The pre-apprenticeship program is aimed at individuals who don't have the necessary basic education to enter an apprenticeship or can't find an employer willing to sponsor their training.
The province recently provided $208,131 to Cambrian and $136,427 to Boréal to offer the carpentry pre-apprenticeship program. Participation in the program is free, along with any required textbooks, safety equipment and tools.
Louise Turcotte, Cambrian College's associate dean for the schools of skills training and community and corporate learning, explained there's three phases involved in the pre-apprenticeship program.
The college first offers education upgrading to ensure participants meet the basic education requirements to become an apprentice, she said. Then the participants complete level one of the apprenticeship, which involves in-class training.
“Once they've completed that, the third part is to actually go out in the workforce and get some experience in that area,” Turcotte said.
“So they get to do all this, and you hope at the end, the ultimate outcome would be for them to land a job with the employer, who will then consider registering them as an apprentice.”
There's currently a pre-apprenticeship group in Espanola taking the first phase of training at Cambrian's campus in the community, she said.
The first phase of training is also currently being offered in Webequie, a community located north of Thunder Bay, in the college's mobile trades training trailer.
Once the trailer returns from up north, it will be sent to Espanola so students can take the second phase of training, Turcotte said.
Cambrian and Boréal are working with local employment agencies to find clients to participate in the program.
In Cambrian's case, it's working with Geztoojig Employment and Training and Employment Options, while Boréal is working with Option Emploi and ACE.
Turcotte said she was pleased to hear the government was funding the program.
“We hope it will be the stepping stone to other pre-apprenticeships, because there is a big demand for the skills training,” she said.
“For some of the individuals that are interested, the challenge is maybe not having the skills required to be able to get into it.
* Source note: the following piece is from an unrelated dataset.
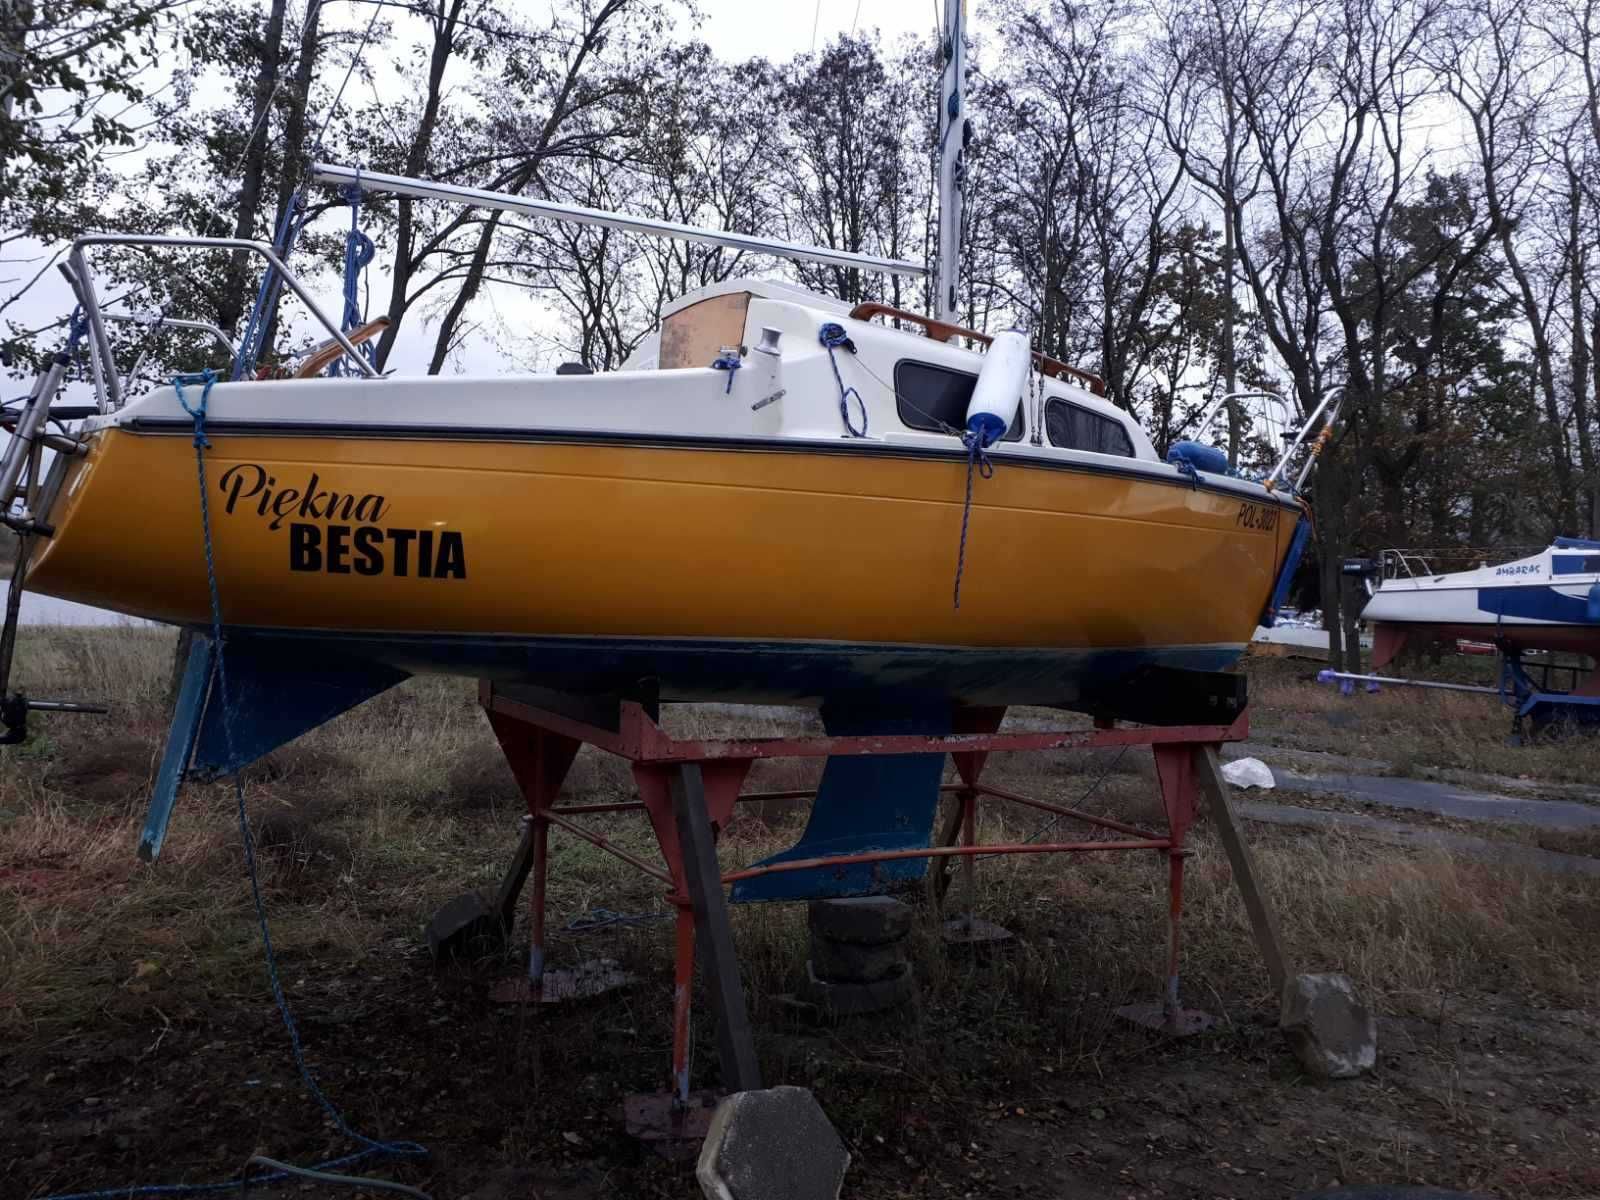 Jacht morski "Piękna i Bestia" do sprzedania niższa cena

This is a way to open that door for individuals who want to get into apprenticeship training.”
Cambrian College president Sylvia Barnard said in a press release she's also pleased with the funding announcement.
“This investment is helping carpentry students to learn practical skills and techniques, which are necessary for rapid entry into the workforce, or to pursue further training and education,” she said.
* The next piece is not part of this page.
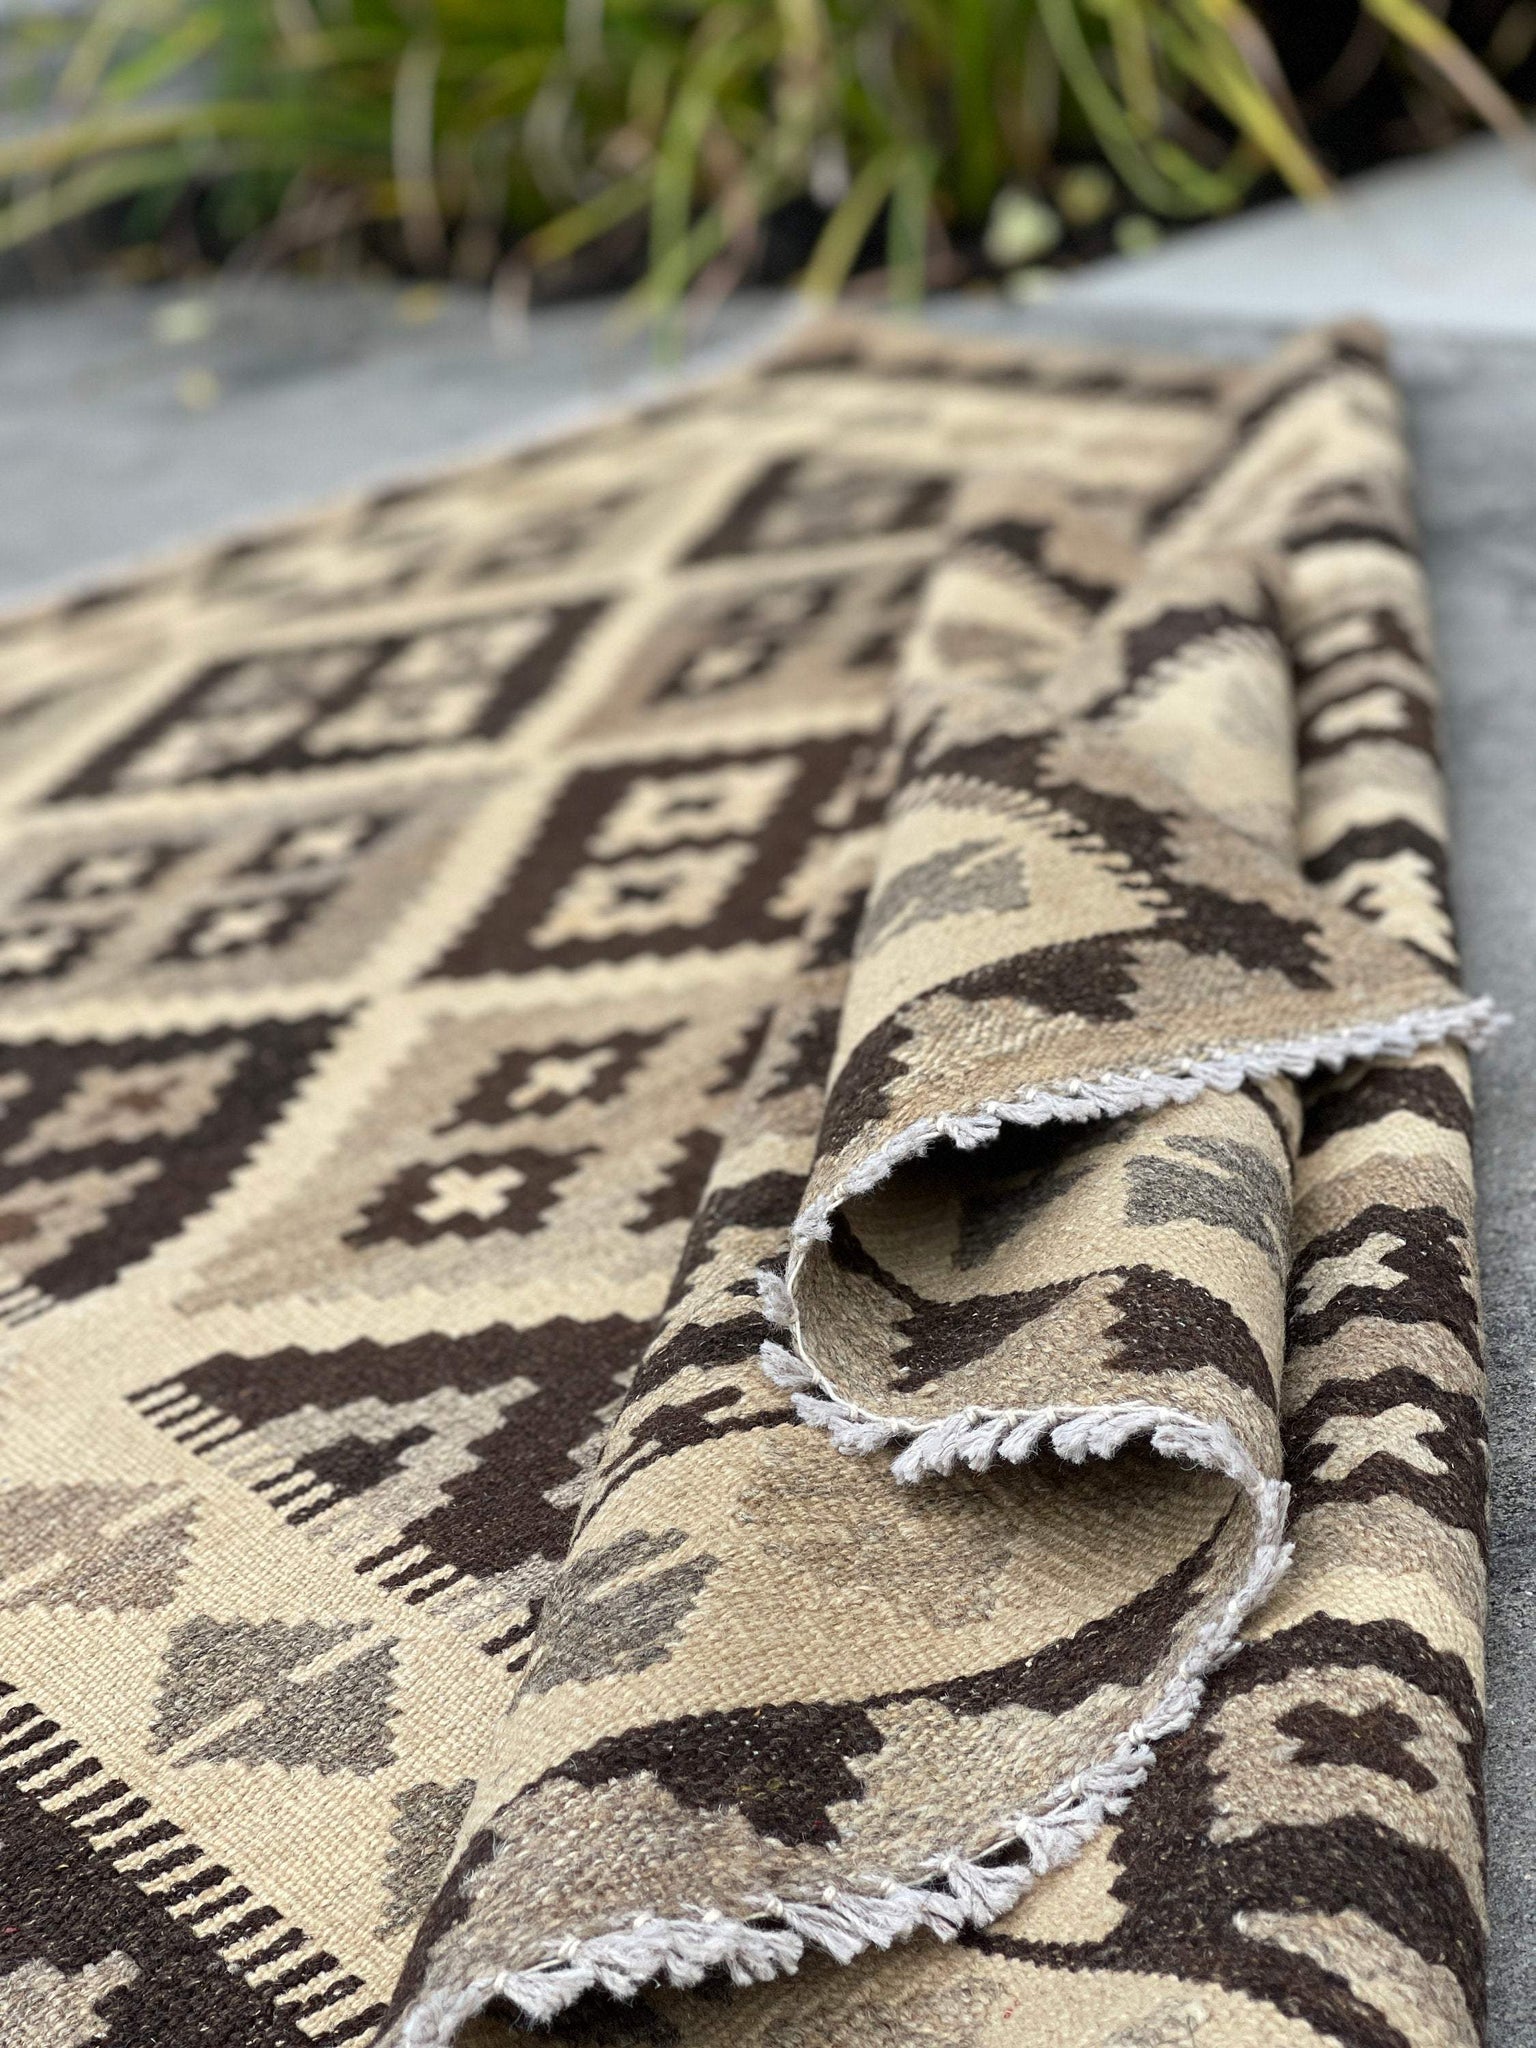 3x5 (120x150) Handmade Afghan Kilim Runner Rug | Ivory Coffee Brown | Flatweave Flat Weave Tribal Turkish Oushak Moroccan Oriental Wool

“These graduates will help to meet industry demand in Northern Ontario, which is also going to encourage business growth in our region.”
Boréal president Denis Hubert-Dutrisac said in the press release the college is “honoured” by the province's confidence in the college, as evidenced by the funding announcement.
“Thanks to our expertise working in the field with industries and employers throughout the province, the apprentice carpenters will be well trained to fill the need in manpower and contribute directly to the economic group in their regions.”
Sudbury MPP Rick Bartolucci said he's pleased the two local colleges are working with the province to help people develop the skills needed to be an apprentice.
“Ontario needs skilled workers to keep our economy strong and help local communities across the province become more prosperous,” he said.
“We are investing in our apprenticeship and skilled trades to help more people prepare for the jobs of the future.”